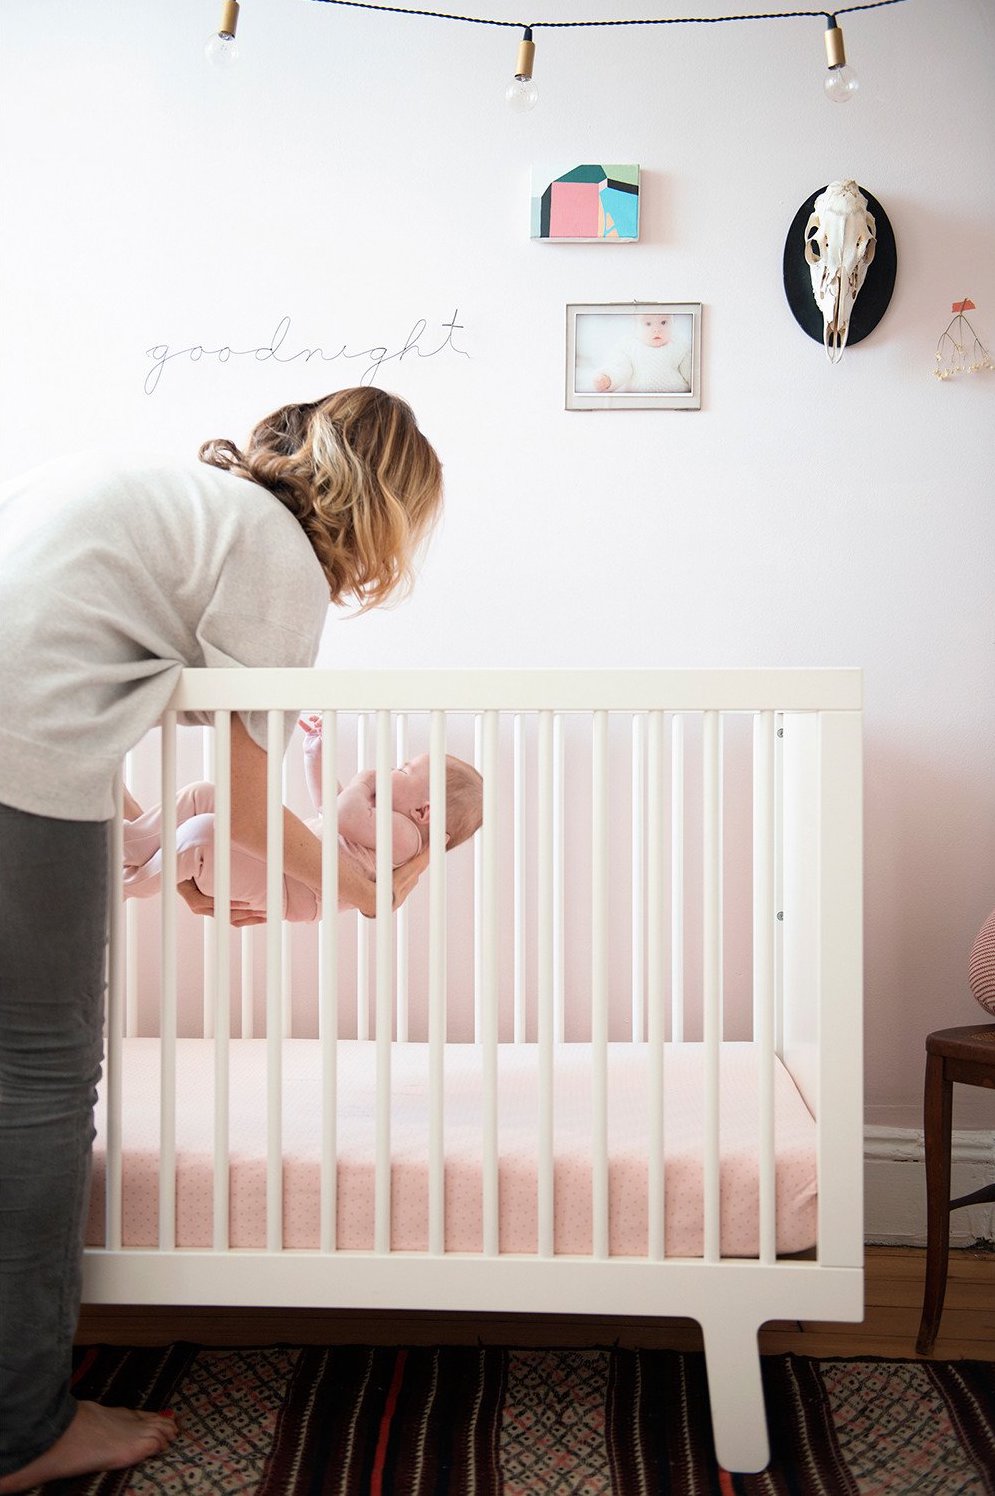 Putting a baby in the crib
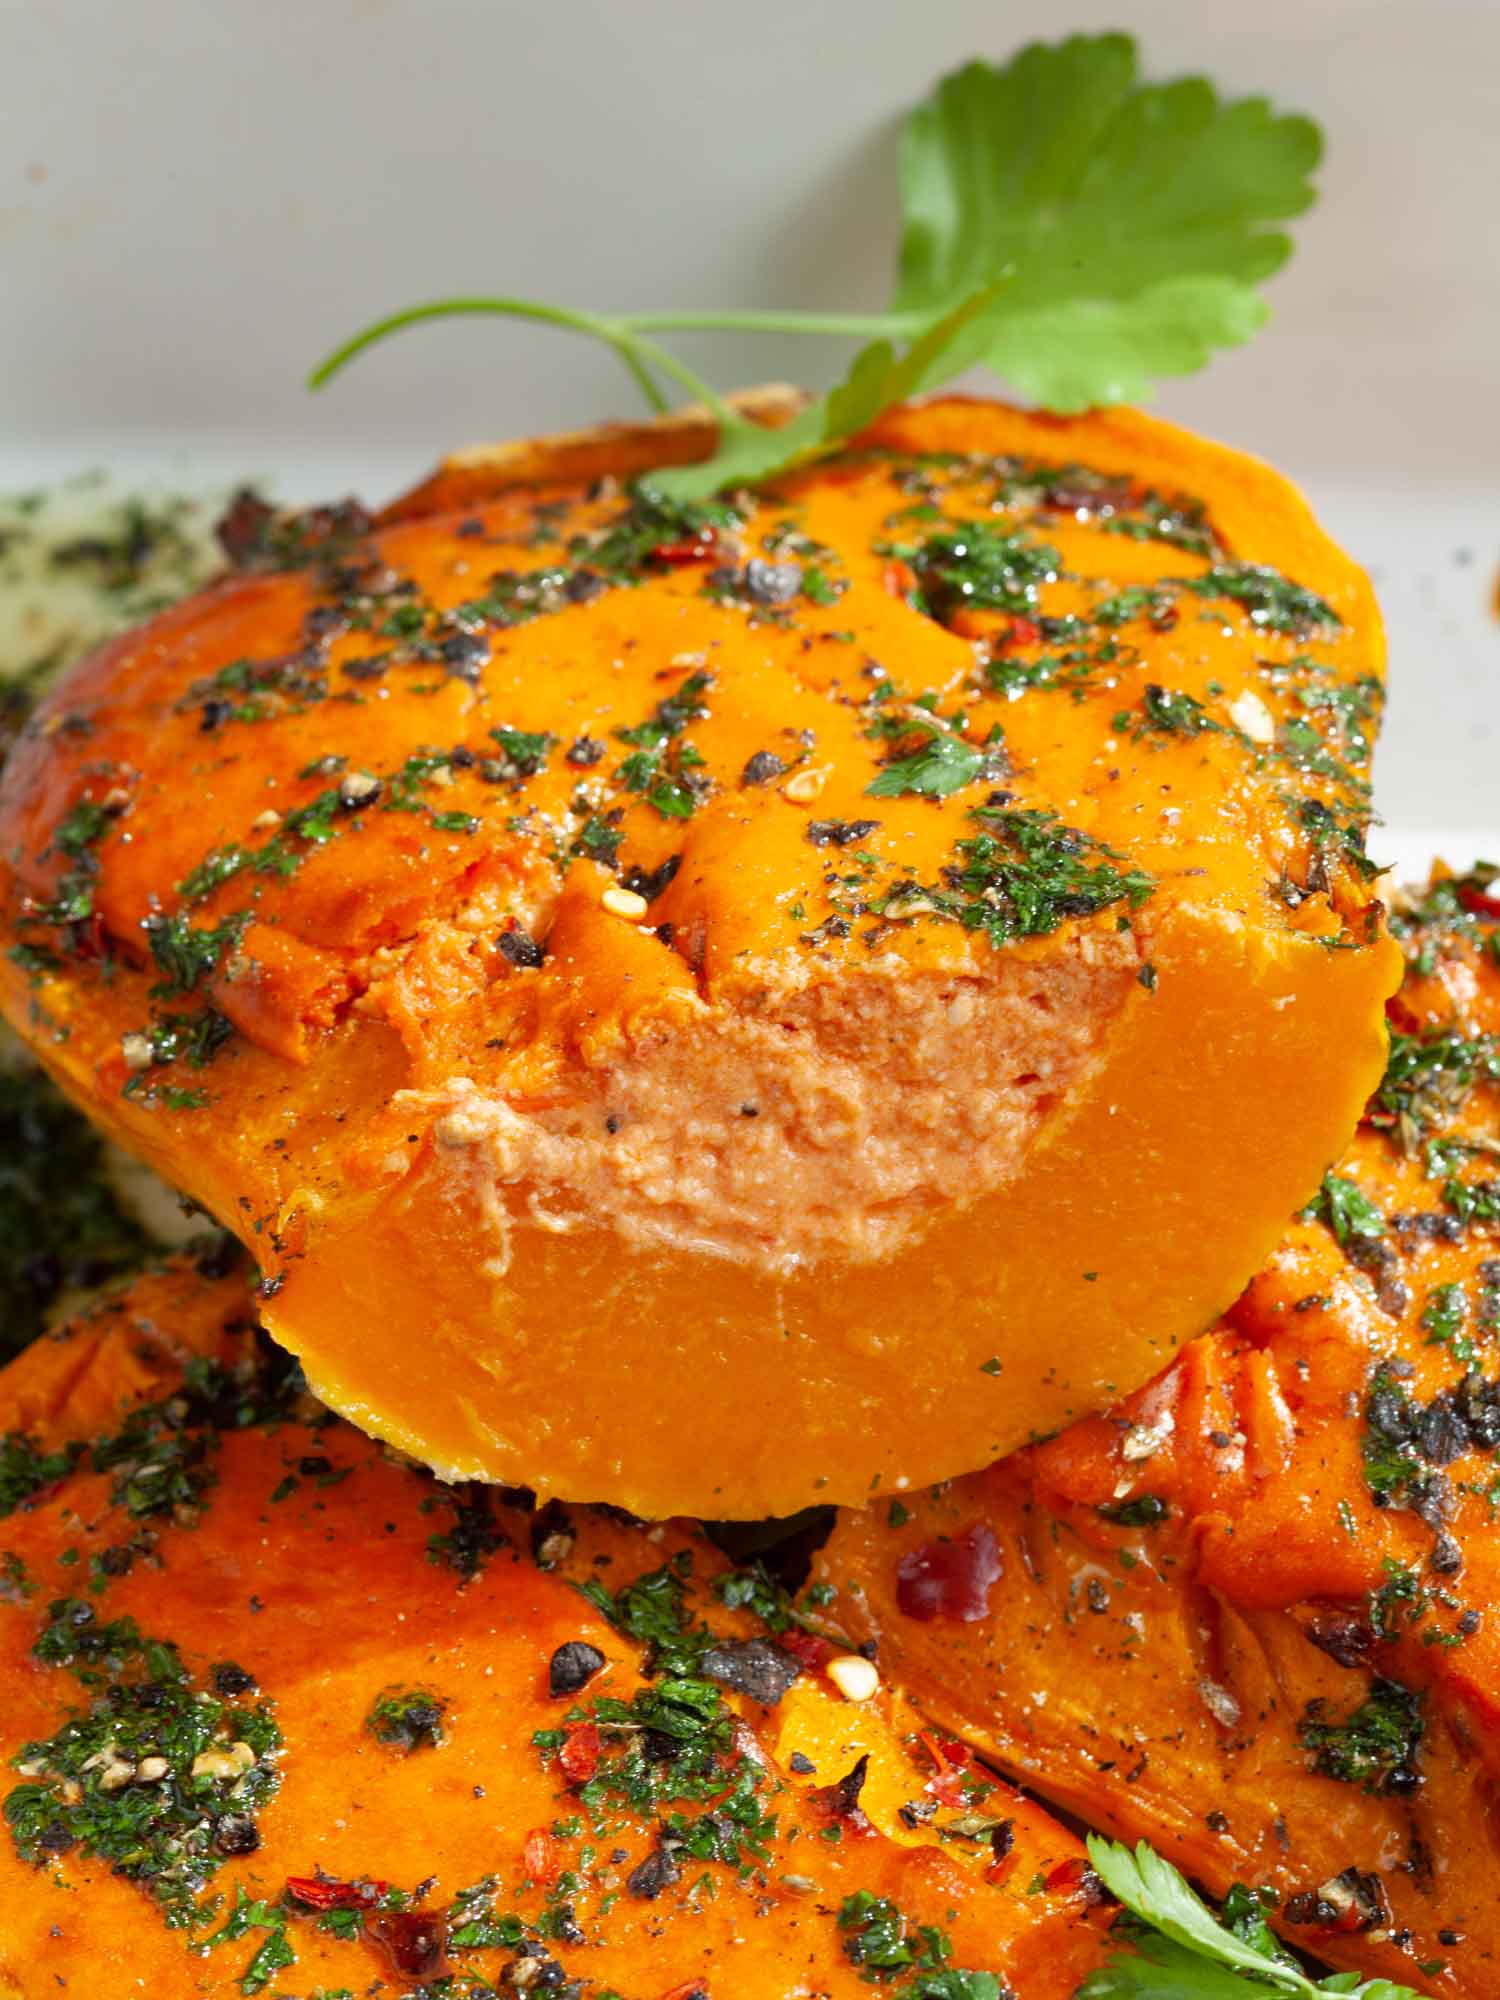 Butternut squash with feta and tomato mousse
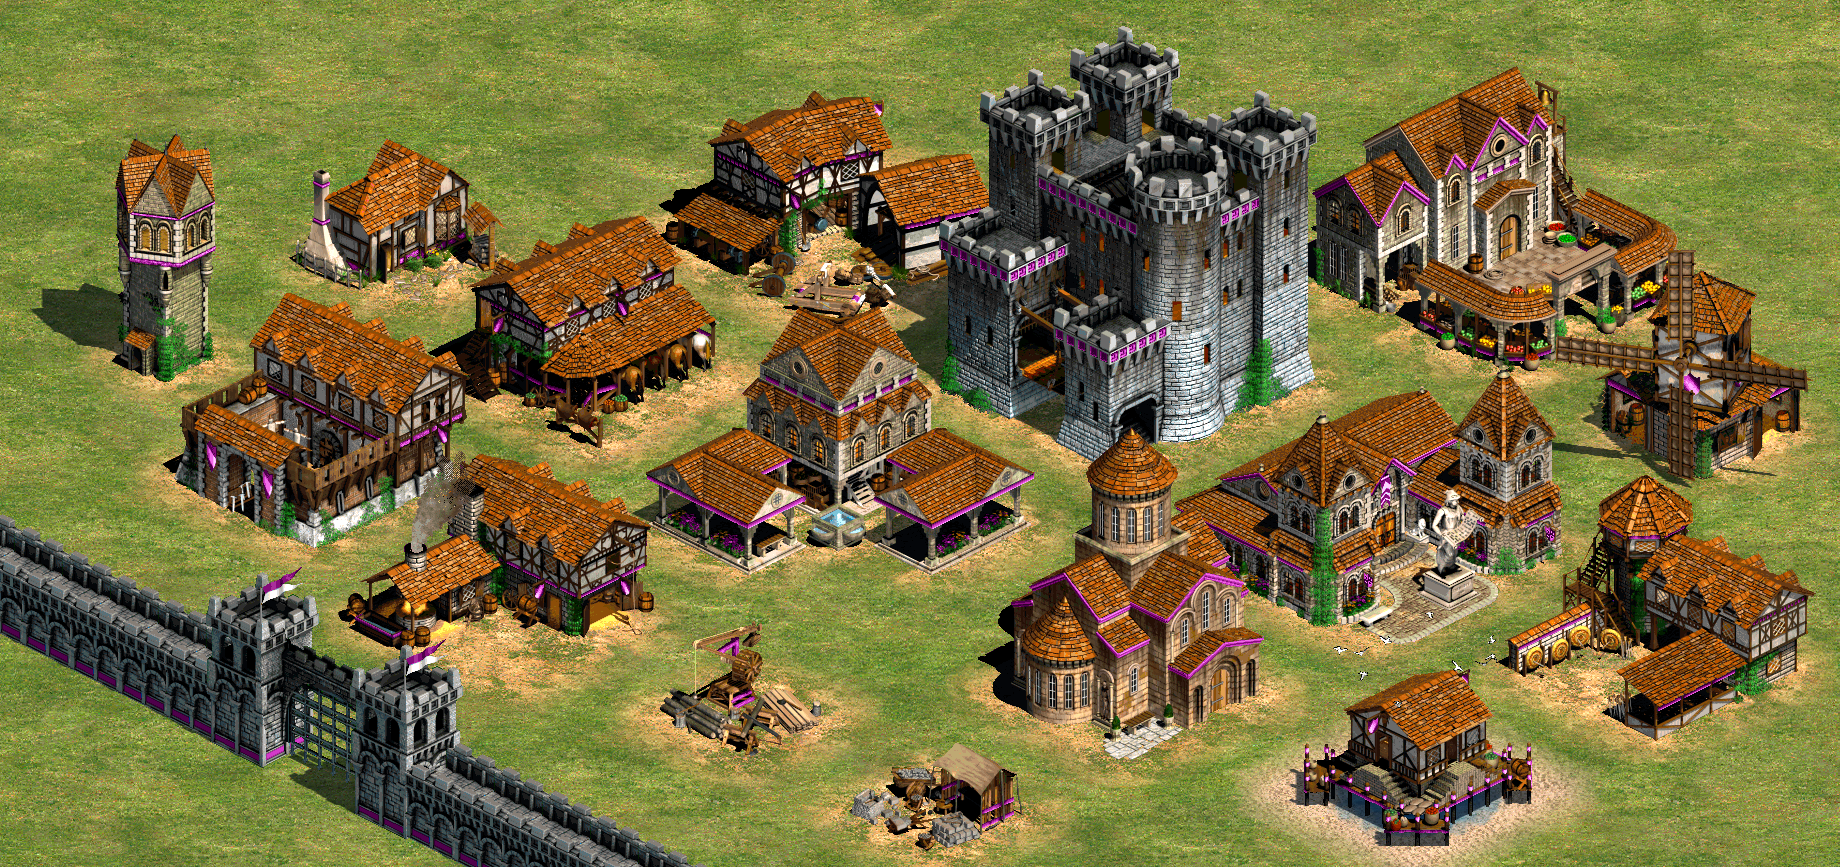 age of empires 2 buildings

> Task description
What you give back should be the full material above, retyped exactly, with every image removed.

> Expected output
 Putting a baby in the crib
 Butternut squash with feta and tomato mousse
 age of empires 2 buildings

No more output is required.